Hal ini ditegaskan dalam kitab Hasyiyah Qalyubi, yang menyatakan:
جَرَتْ الْعَادَةُ لِذَوِي الْأَفْرَاحِ بِحَمْلِ الْهَدَايَا إلَيْهِمْ وَوَضْعِ نَحْوِ طَاسَةٍ لِوَضْعِ الدَّرَاهِمِ فِيهَا، وَإِعْطَاءِ خَادِمِ الصُّوفِيَّةِ الدَّرَاهِمَ وَنَحْوَهَا وَحُكْمُ ذَلِكَ أَنَّ الْمِلْكَ لِمَنْ قَصَدَهُ الدَّافِعُ مِنْ صَاحِبِ الْفَرَحِ أَوْ ابْنِهِ أَوْ الْمُزَيِّنِ مَثَلًا أَوْ الْخَادِمِ أَوْ الصُّوفِيَّةِ انْفِرَادًا وَشَرِكَةً وَإِلَّا فَلِآخِذِهِ
Artinya, "Sudah menjadi kebiasaan bagi orang-orang yang mengadakan acara bahagia untuk menerima hadiah yang dibawa kepada mereka. Biasanya, disediakan tempat seperti sebuah mangkuk untuk meletakkan uang dirham di dalamnya. Uang tersebut kemudian diberikan kepada pelayan tarekat sufi, atau yang semisalnya. Hukum mengenai hal ini adalah bahwa kepemilikan uang tersebut ditentukan oleh niat pemberinya, apakah ditujukan kepada tuan rumah acara, anaknya, tukang hias (misalnya), pelayan, atau kepala tarekat sufi, baik secara individu maupun bersama-sama. Jika niat tersebut tidak ditentukan, maka kepemilikan uang jatuh kepada siapa saja yang mengambilnya." (Ahmad Salamah al-Qalyubi, Hasyiyah Qalyubi, [Beirut, Dar al-Fikr: 1415 H/1995 M], juz III, halaman 115).
Perspektif Mazhab Hanafi
Pandangan Mazhab Hanafi memberikan pendekatan yang sedikit berbeda. Dalam mazhab ini, kepemilikan ditentukan oleh hubungan antara pemberi dan penerima dalam konteks sosial. Jika pemberi adalah kerabat atau teman dekat ayah mempelai, maka uang tersebut menjadi milik ayah. Jika berasal dari kerabat atau teman dekat ibu, maka uang tersebut menjadi milik ibu.

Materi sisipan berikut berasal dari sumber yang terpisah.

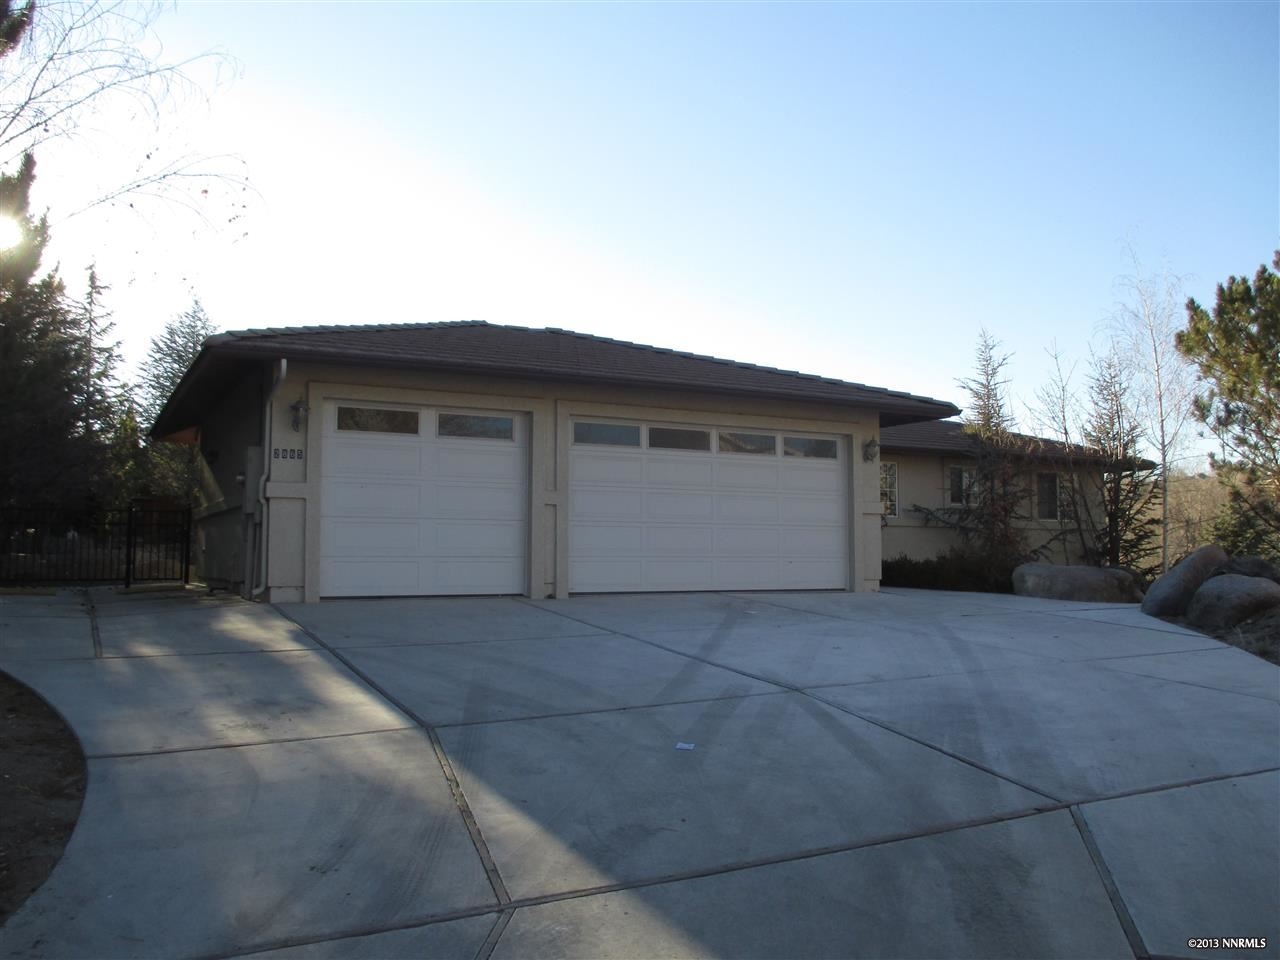 2865 W Pinenut Ct, Reno, NV

Namun, jika pemberi secara eksplisit menyatakan bahwa uang tersebut untuk mempelai, maka kepemilikan adalah milik mempelai.
Hal ini dijelaskan dalam kitab ad-Durrul Mukhtar:
وَضَعُوْا هَدَايَا الْخِتَانِ بَيْنَ يَدَيْ الصَّبِيِّ فَمَا يَصْلُحُ لَهُ كَثِيَابِ الصِّبْيَانِ فَالْهَدِيَّةُ لَهُ، وَإِلَّا فَإِنّْ كَانَ المُهْدِيْ مِنْ أَقْرِبَاءِ الْاَبِ أَوْ مَعَارِِفِهِ فَلِلْاَبِ أَوْ مِنْ مَعَارِفِ الْاُمِّ فَلِلْاُمِّ، قَالَ هَذَا لِصَبِيٍّ أَوْ لَا. وَلَوْ قَالَ أَهْدَيْتُ لِلْأَبِ أَوْ لِلْأُمِّ فَالْقَوْلُ لَهُ، وَكَذَا زِفَافُ اْلبِنْتِ
Artinya, “Mereka menaruh hadiah di hadapan seorang anak kecil, maka jika benda yang diberikan layak untuk anak kecil seperti pakaian anak maka hadiah adalah milik anak kecil itu. Apabila tidak, maka jika yang memberi hadiah adalah kerabat atau teman ayah, maka hadiah itu milik ayah. Atau jika yang memberi hadiah adalah kenalan ibu, maka hadiah itu milik ibu. Baik pemberi hadiah mengatakan: 'hadiah ini untuk anak kecil ini' atau tidak. Dan apabila pemberi hadiah mengatakan: 'ini untuk ayah' atau 'ini untuk ibu', maka kepemilikan sesuai yang ia ucapkan. Demikian pula (perincian hukumnya) pada resepsi pernikahan anak perempuan.” (Muhammad al-Hanafi al-Haskafi, ad-Durrul Mukhtar Syarhut Tanwirul Abshar, [Beirut, Dar al-Kutub al-Ilmiyyah: 1423 H/2002 M], juz I, halaman 117).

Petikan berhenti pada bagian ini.